An optional list of alternative identifiers for this individual. These should be in the form of rstcurie`s and hence have a corresponding :ref:`rstresource listed in the MetaData. These should not be used elsewhere in the phenopacket as this will break the assumptions required for using the id field as the primary identifier. This field is provided for the convenience of users who may have multiple mappings to an individual which they need to track.

date_of_birth

This element represents the date of birth of the individual as an ISO8601 UTC timestamp that is rounded down to the closest known year/month/day/hour/minute. For example:

  • “2018-03-01T00:00:00Z” for someone born on an unknown day in March 2018
  • “2018-01-01T00:00:00Z” for someone born on an unknown day in 2018
  • empty if unknown/ not stated.

See here for more information about timestamps.

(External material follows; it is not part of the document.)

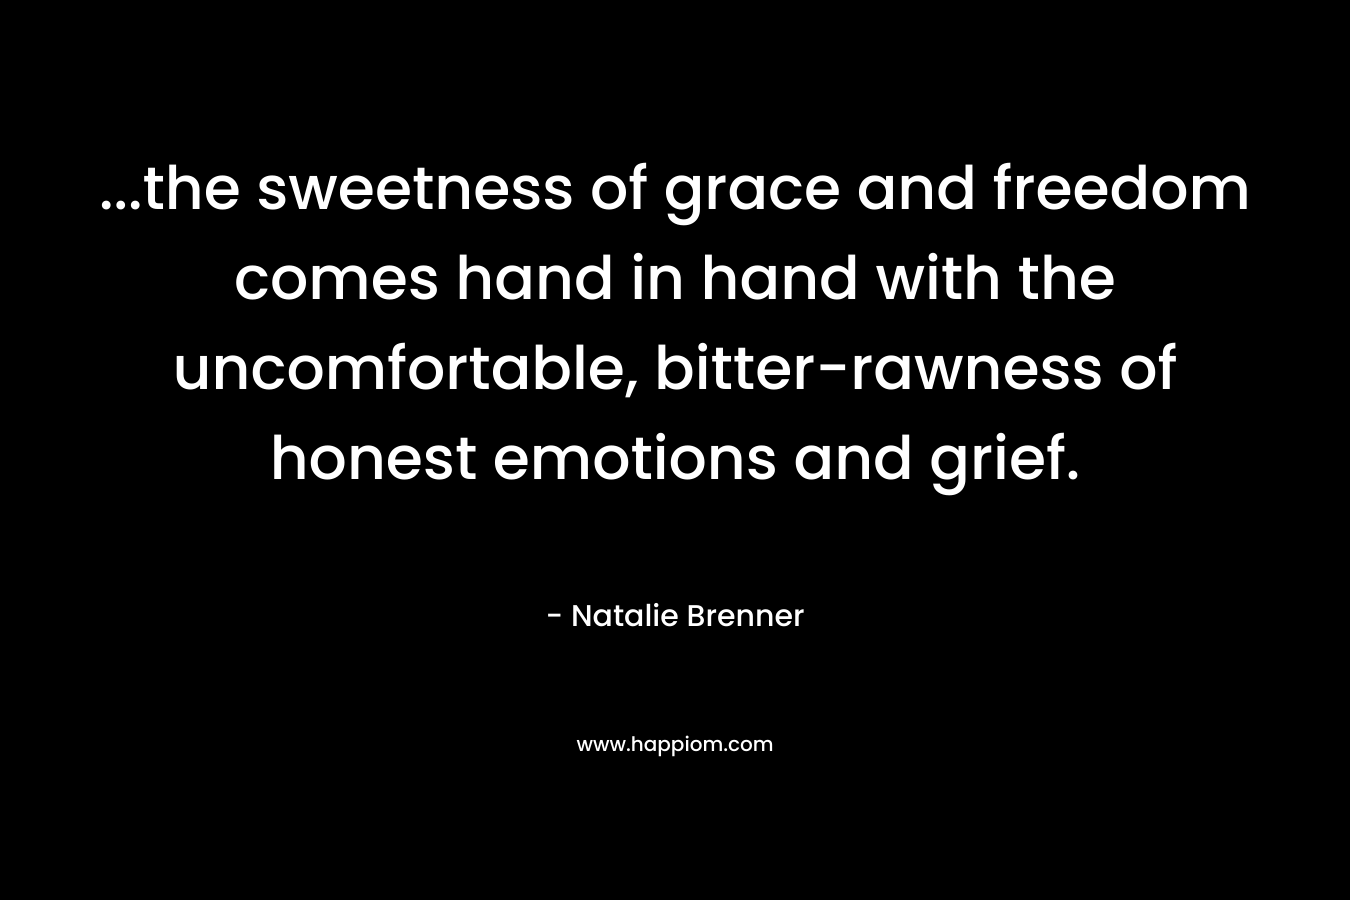 ...the sweetness of grace and freedom comes hand in hand with the uncomfortable, bitter-rawness of honest emotions and grief.

The element is provided for use cases within protected networks, but it many situations the element should not be used in order to protect the privacy of the individual. Instead, the Age element should be preferred.

age

An age object describing the age of the individual at the time of collection of biospecimens or phenotypic observations reported in the current Phenopacket. It is specified using either an Age element, which can represent an Age in several different ways, or an AgeRange element, which can represent a range of ages such as 10-14 years (age can be represented in this was to protect privacy of study participants).

sex

Phenopackets make use of an enumeration to denote the phenotypic sex of an individual. See Sex.

karyotypic_sex

Phenopackets make use of an enumeration to denote the chromosomal sex of an individual. See KaryotypicSex.

taxonomy

For resources where there may be more than one organism being studied it is advisable to indicate the taxonomic identifier of that organism, to its most specific level. We advise using the codes from the NCBI Taxonomy resource. For instance, NCBITaxon:9606 is human (homo sapiens sapiens) and or NCBITaxon:9615 is dog.